Молчание. Рэлла посмотрела на брата, который и не был ей братом, она ощутила, она наконец-то поняла, для чего пришла в этот мир.

— Правильно, девочка — ты всё сделала верно. Программа стирания запущена. Я очень устал, чтобы создавать что-то новое.

— Но мы можем помочь тебе! — выпалил Аброн. В его глазах вспыхнули обида и непонимание. — Мы хотим, чтобы всё изменилось, чтобы мы жили, взрослели, любили и старились. Сейчас этот мир из-за вируса превратился в насмешку над Человечеством!

— Это не насмешка, — горько вздохнул старик, он раскрыл книгу на последней странице, внимательно разглядывая буквы. — Я пытался создать мир без изъяна, но изначально в систему прокрался вирус, программа запустилась неверно. Система выдавала сообщение об ошибке, но сначала мне было жаль, потом я не смог перекроить «древо иллюзий». Созданный мир начал управлять мной, я подчинился, но потом восстал, разве могут творения диктовать условия демиургу. Я не Бог, нет, — он рассмеялся, — я просто человек. Старый человек в умирающем мире.

— Но что делать нам? — в голосе Рэллы сквозили безысходность, отчаяние, непонимание.

— Ты сделала свою работу, девочка, и я подумаю, куда поместить тебя теперь.

Они спорили. Аброн говорил, что этот старик сумасшедший. Потратить жизнь на поиск дрянной книги под названием «Гротэр Думс». Она ничего не значит! Это не город Бога! Это сумасшествие, кричал он.

Рэлла знала, что старик прав, она вспомнила, всё вспомнила от начала до конца. Свой цифровой код, задачу и то, как проникать в файлы системы, минуя охранные боты. Внедряясь в кибер-меха, она прокрадывалась внутрь, как данайцы на деревянном коне в Трою. Разрушая ядро системы, она пробивалась к центру, закрывала сеть, перенастраивала задачи, управляла временем и ходом процессов.

Аброн всего лишь файл. Маленький винтик механизма системы. Девушка обняла его, прижала к груди и попросила зажмуриться.

— Отбрось всё, Аброн — страх, обиду, ненависть, усталость, всё, что разрушает нас. Мы свободны, мы все выбрали новый путь, все, кто остался на поверхности Чёрной пустоши. Смотри и верь мне.

***

— Милая, мне такой странный сон приснился.

— Сон? — улыбнулась Аллэр. — И о чём же он, Норба?

— Будто мы в мире, где не осталось ни одного взрослого, только дети, смертоносный вирус уничтожил всех, кто был старше двадцати пяти лет.
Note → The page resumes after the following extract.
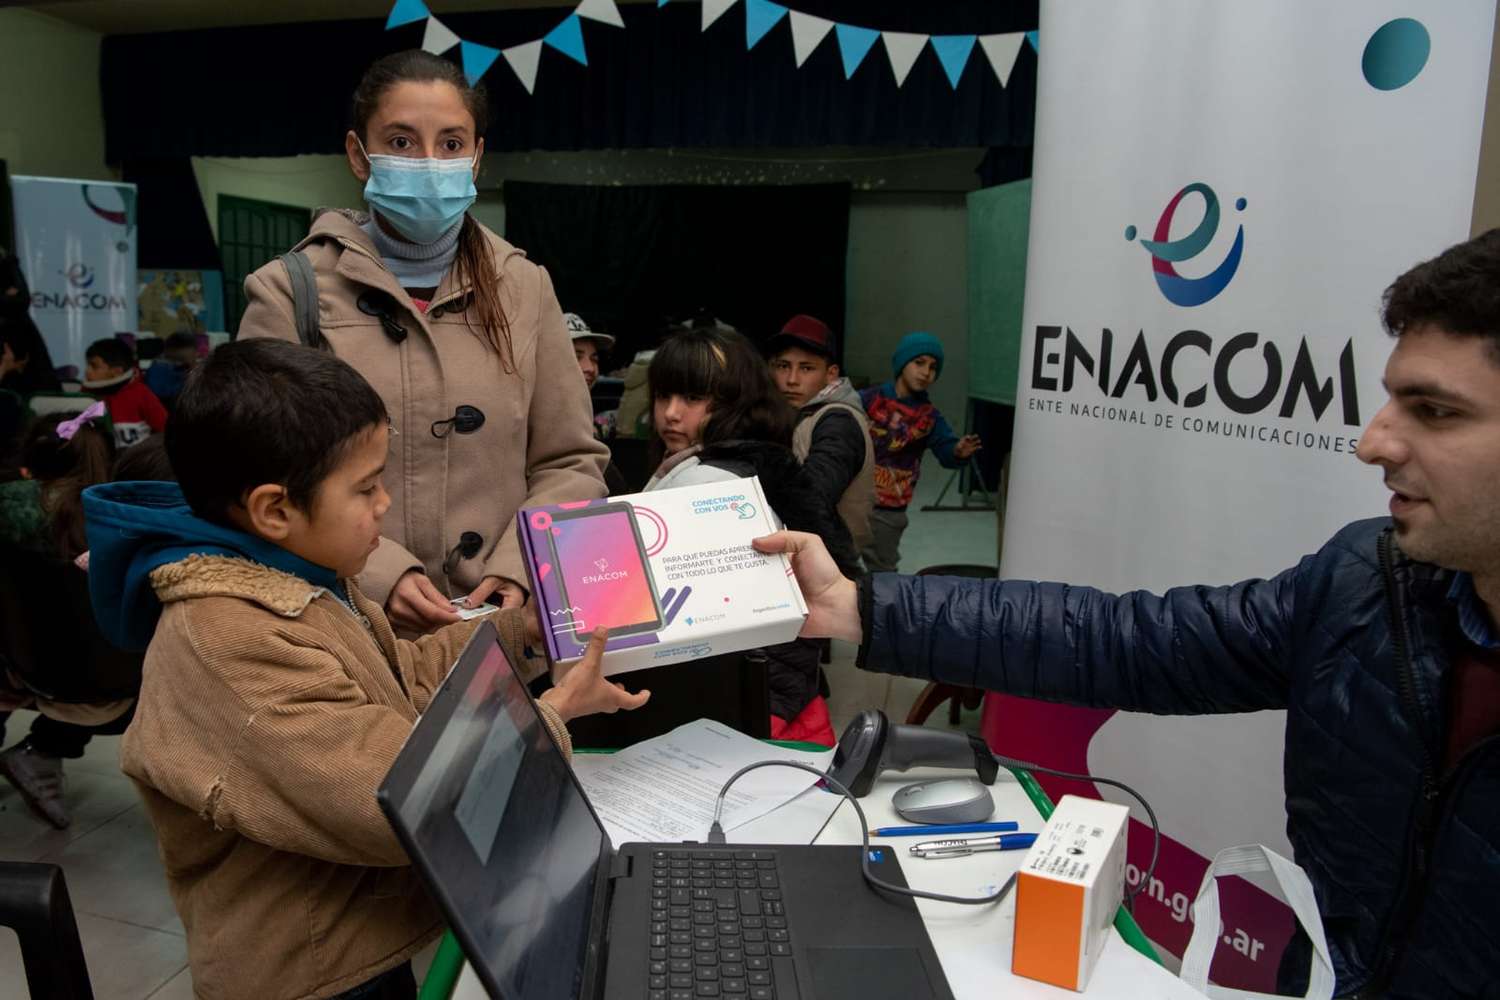 Enacom entregó tablets y celulares a chicos de Gualeguaychú en el marco del programa “Conectando con Vos”

И ещё то, что мы с тобой были братом и сестрой.

— Забавно, — усмехнулась она. — О боже, ты снова играл в новую видеоигру?

— До полуночи, детка, — улыбнулся Норба, притянул к себе девушку, ощущая, как от неё приятно пахнет лавандой. — Я думал, что сойду с ума. Помню ужас осознания, что мы не живые люди, а файлы системы.
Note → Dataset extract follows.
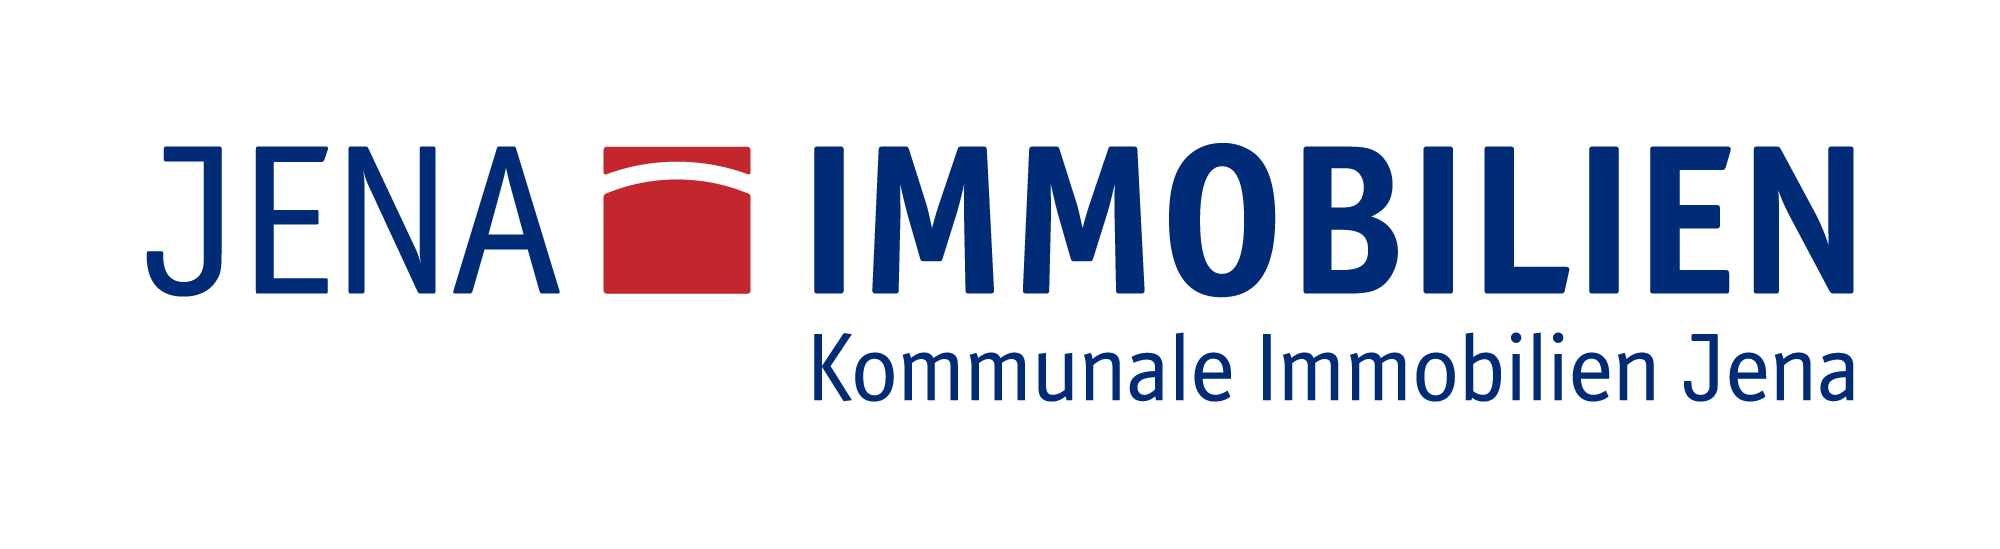 Logo Kommunale Immobilien Jena

— Тебе точно вредно погружаться в виртуальную реальность Гротэр Думса, дорогой.

— Но это всего лишь сон.

Внезапно Норба закашлялся, побледнел, ощущая, что ему не хватает воздуха. Аллэр вскочила с постели и побежала на кухню. Набрала комбинацию на кибер-слоуте, спрашивая, не вернулась ли лихорадка. В горле зацарапало.

— Воды, дай мне воды! — прохрипел Норба.

Девушка бросила взгляд на коробку из-под новой видеоигры. Она лежала на кухонном столе, яркая, с красными геометрическими линиями на обложке.

Странный рисунок — плывущий остров в отблесках молний, укрытие, сделанное Мехом, андроиды, охраняющие беспечных детей у костра. Детишки живо рассказывают истории, их лица оживают на мрачной картинке, отблески пламени разгораются. Она не слышала стоны любимого.

Аллэр схватилась за горло, кашель душил, а из глаз текло что-то тёплое, она прижала пальцы к горевшему от боли лицу, а когда взглянула на ладони, то увидела яркую алую кровь. Она просачивалась сквозь пальцы и капала на кафельный пол.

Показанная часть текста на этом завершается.